[RECORDS SHOWN Boundary: Start]

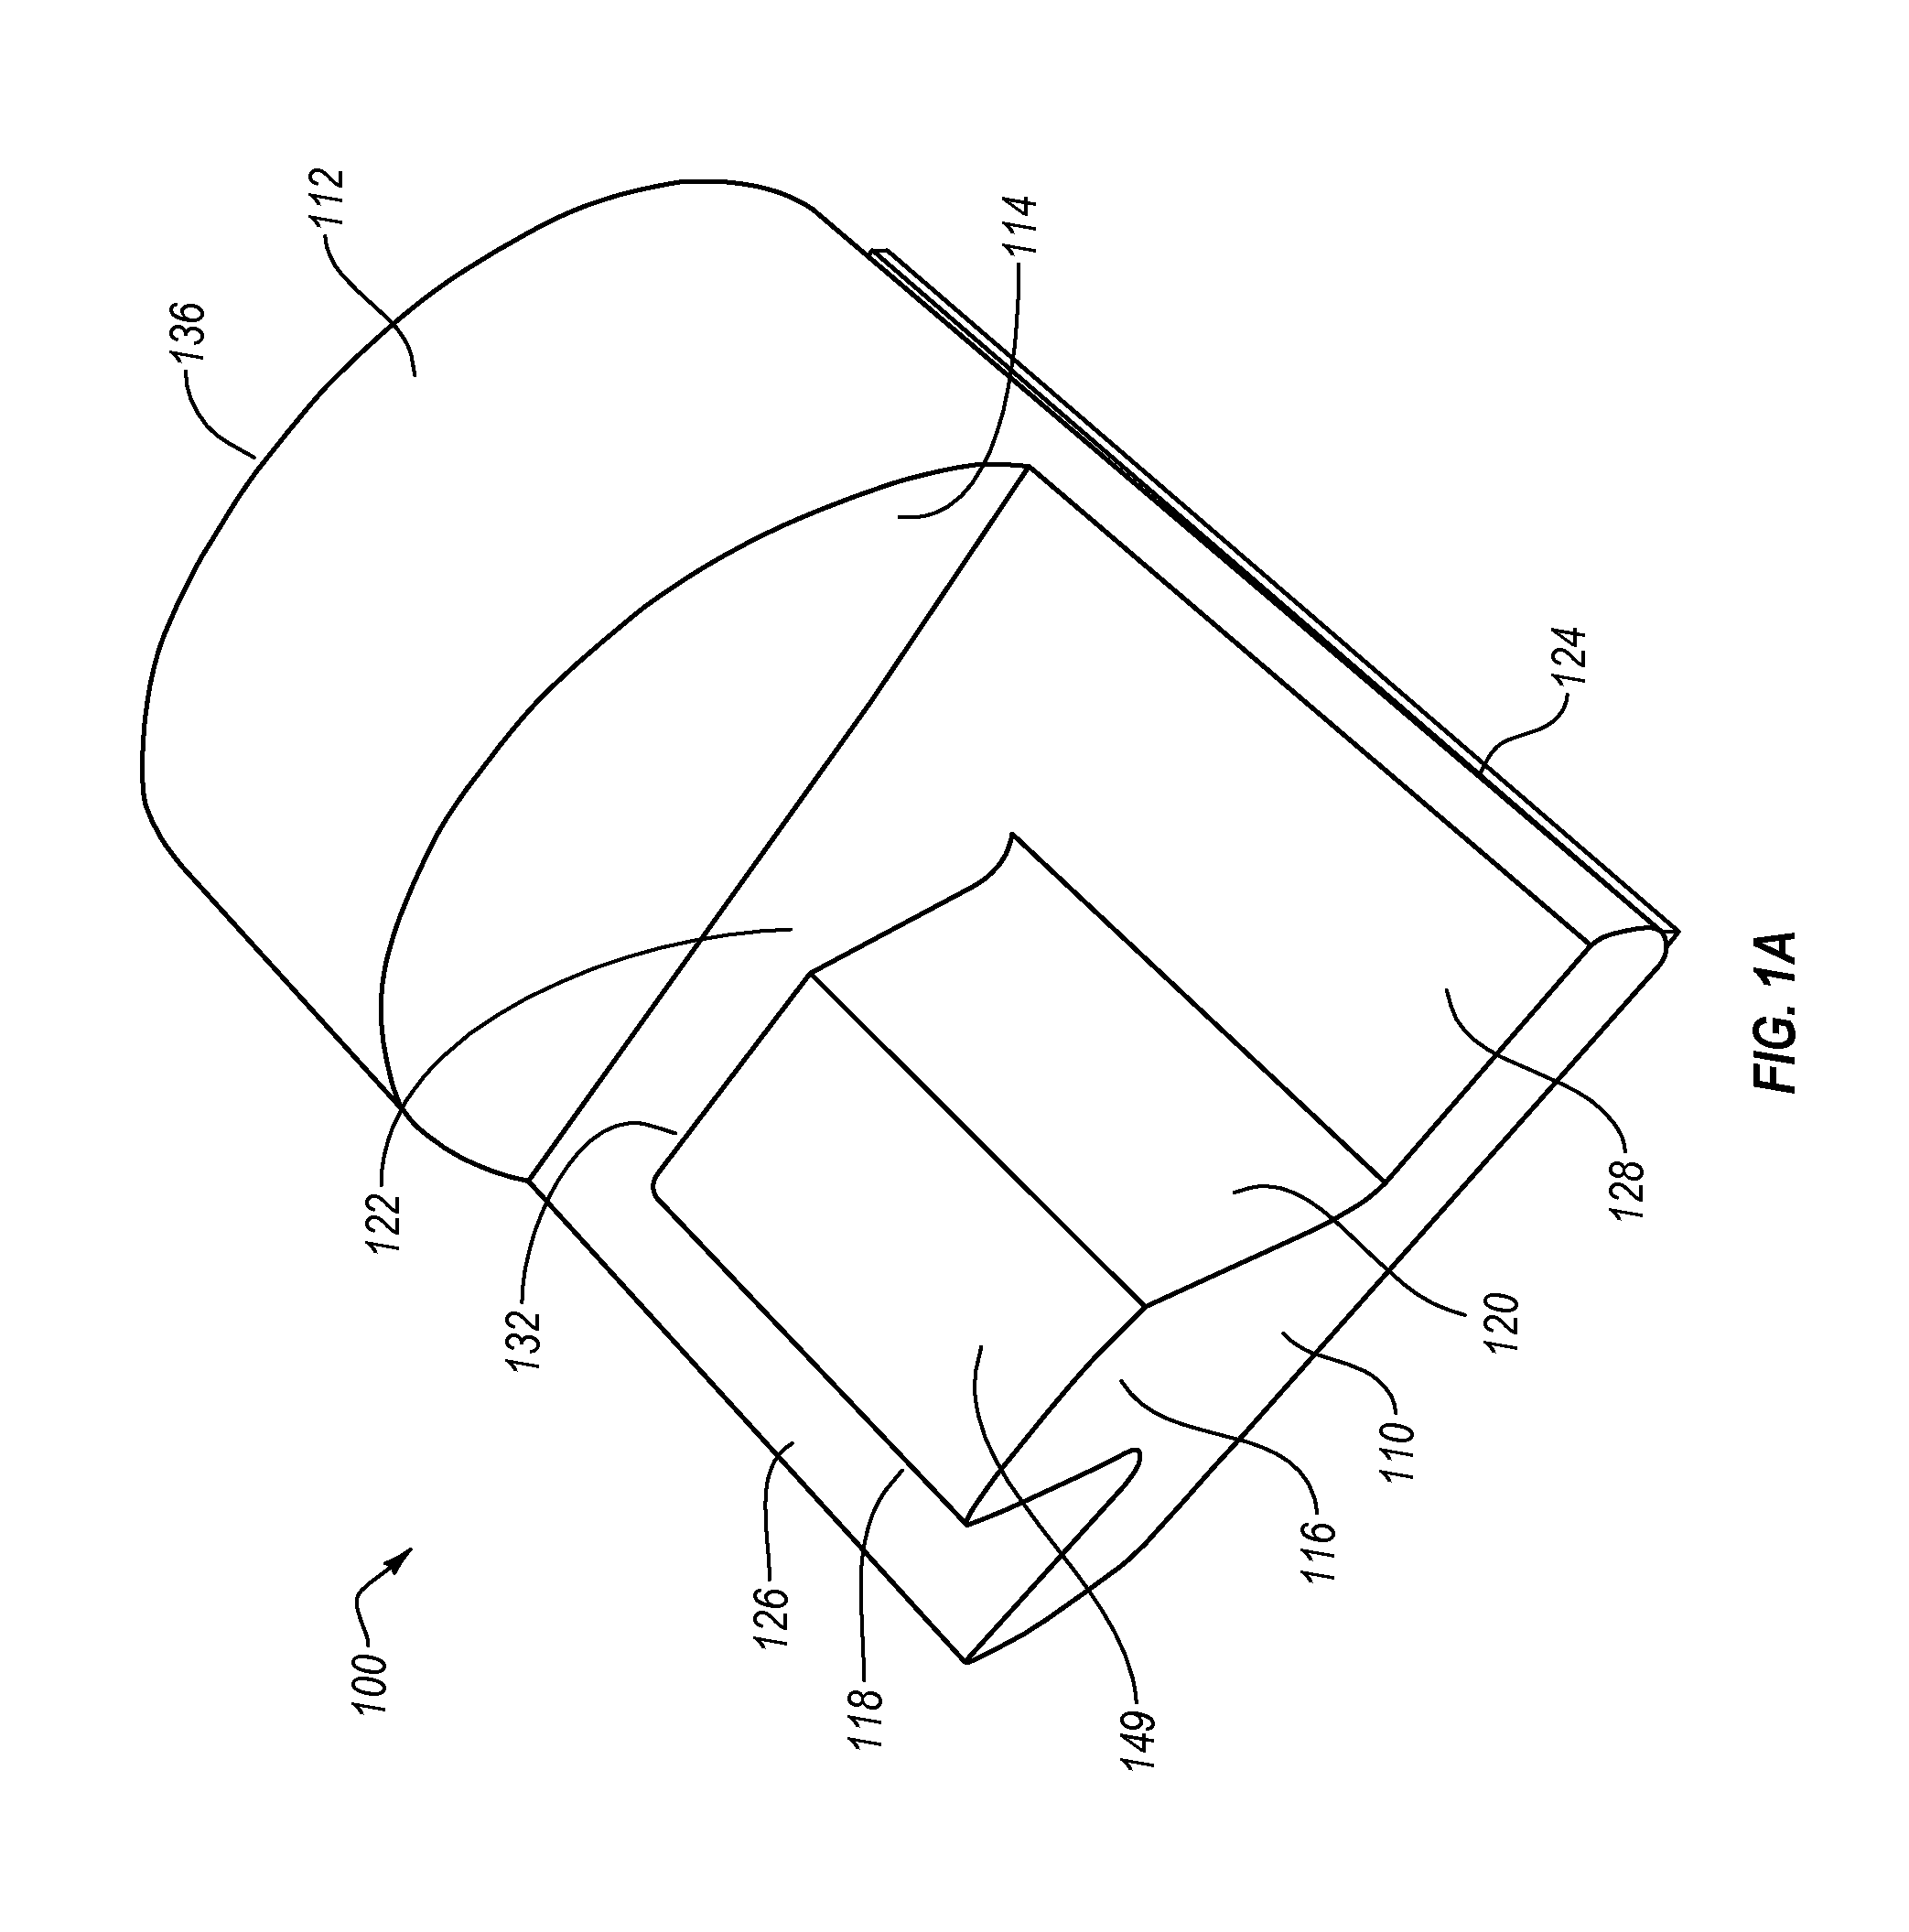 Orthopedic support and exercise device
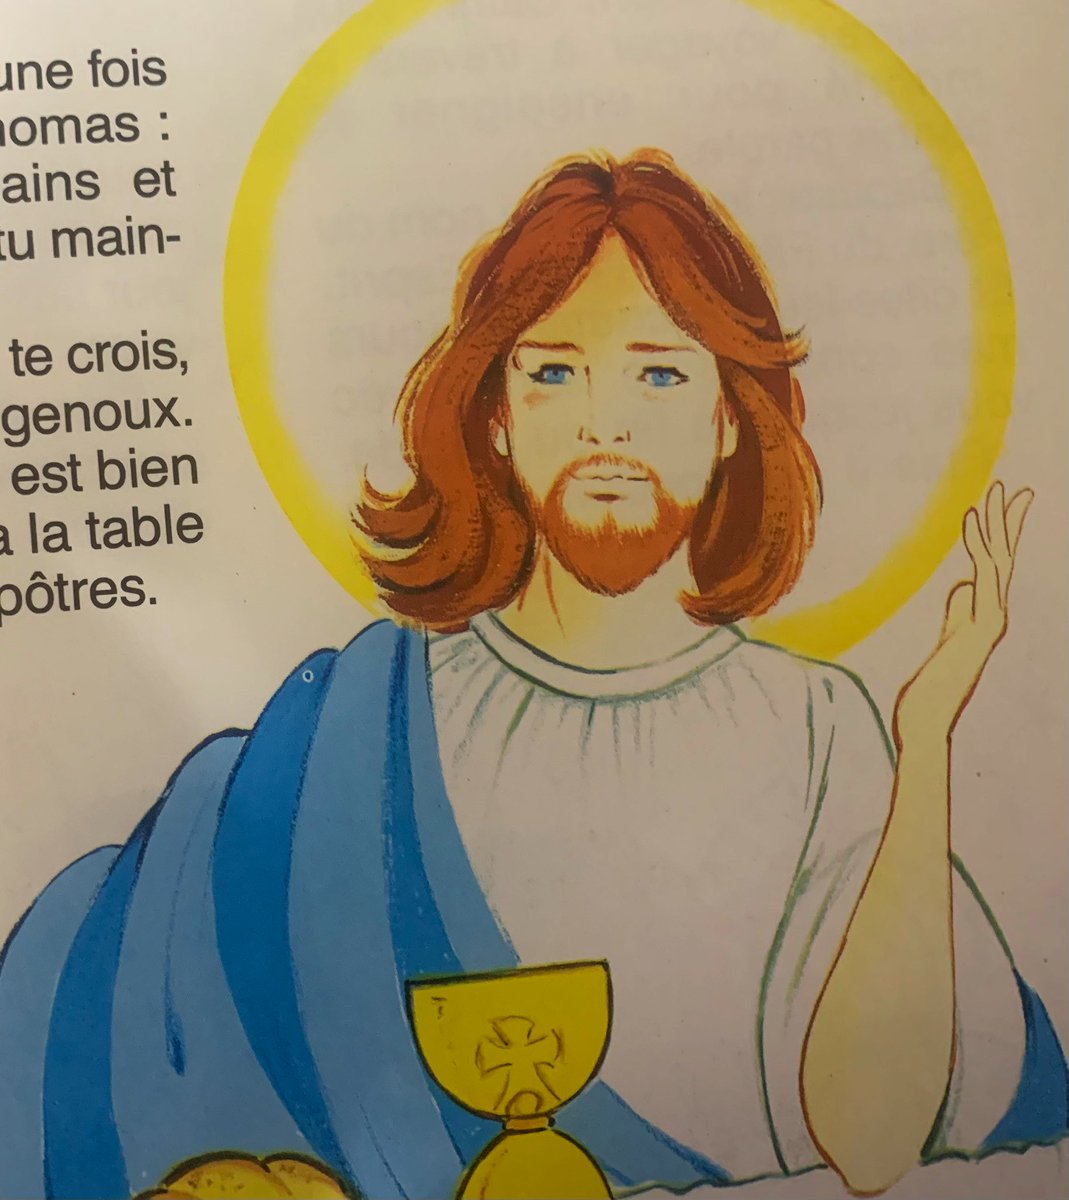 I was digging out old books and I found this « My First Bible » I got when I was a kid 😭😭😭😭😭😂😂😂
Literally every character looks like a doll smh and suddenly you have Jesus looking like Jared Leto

[RECORDS SHOWN Boundary: End]
[RECORDS SHOWN Boundary: Start]

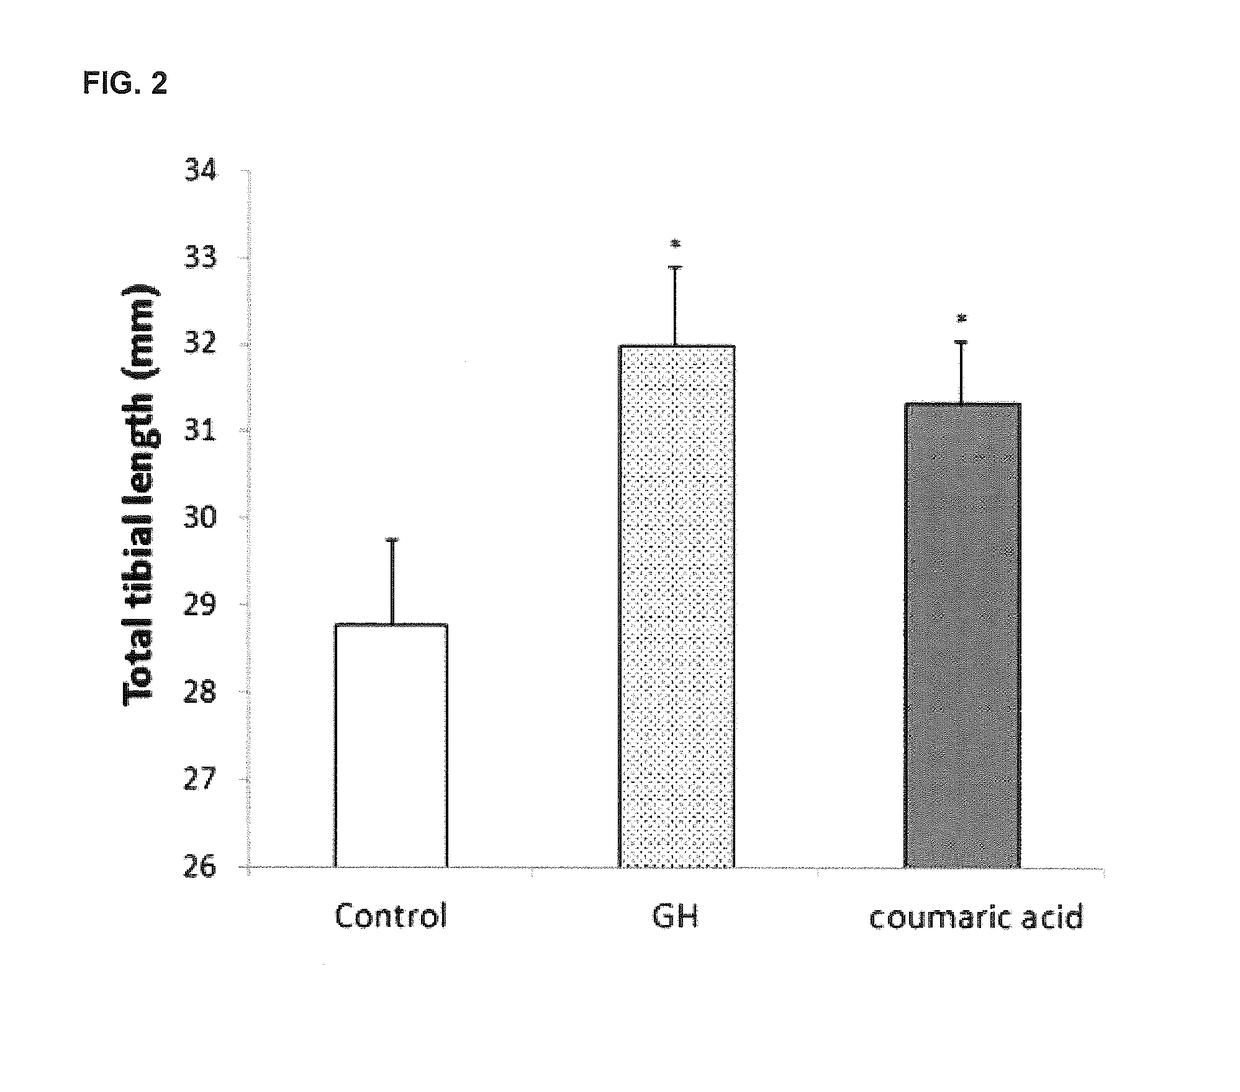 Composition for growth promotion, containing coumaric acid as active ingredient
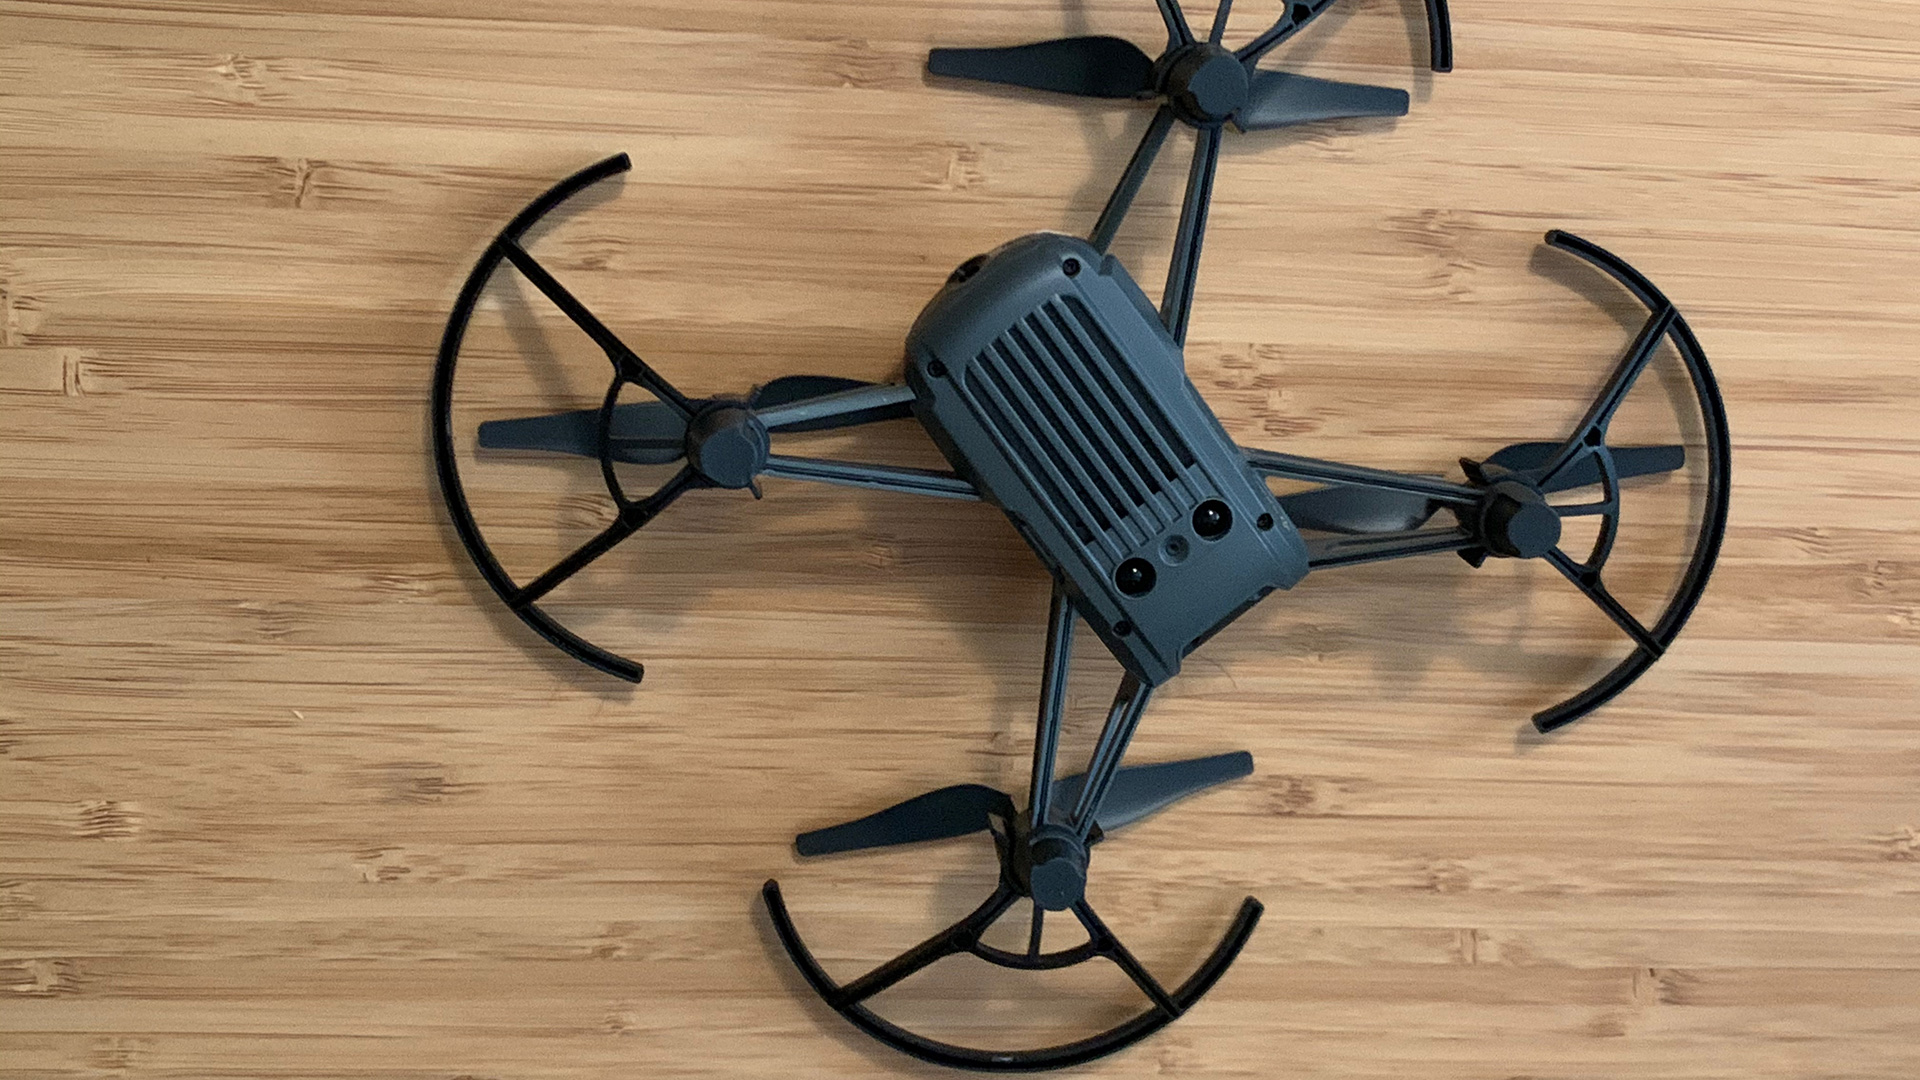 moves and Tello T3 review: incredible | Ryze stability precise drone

[RECORDS SHOWN Boundary: End]

_EXERCISE DESCRIPTION_
Of all the material above, only the lines from the one that has "Orthopedic support and exercise device" down to the one that has "Literally every character" are to be written out, exactly and with both ends included. Pictures are skipped.

_REPLY_
 Orthopedic support and exercise device
 I was digging out old books and I found this « My First Bible » I got when I was a kid 😭😭😭😭😭😂😂😂
Literally every character looks like a doll smh and suddenly you have Jesus looking like Jared Leto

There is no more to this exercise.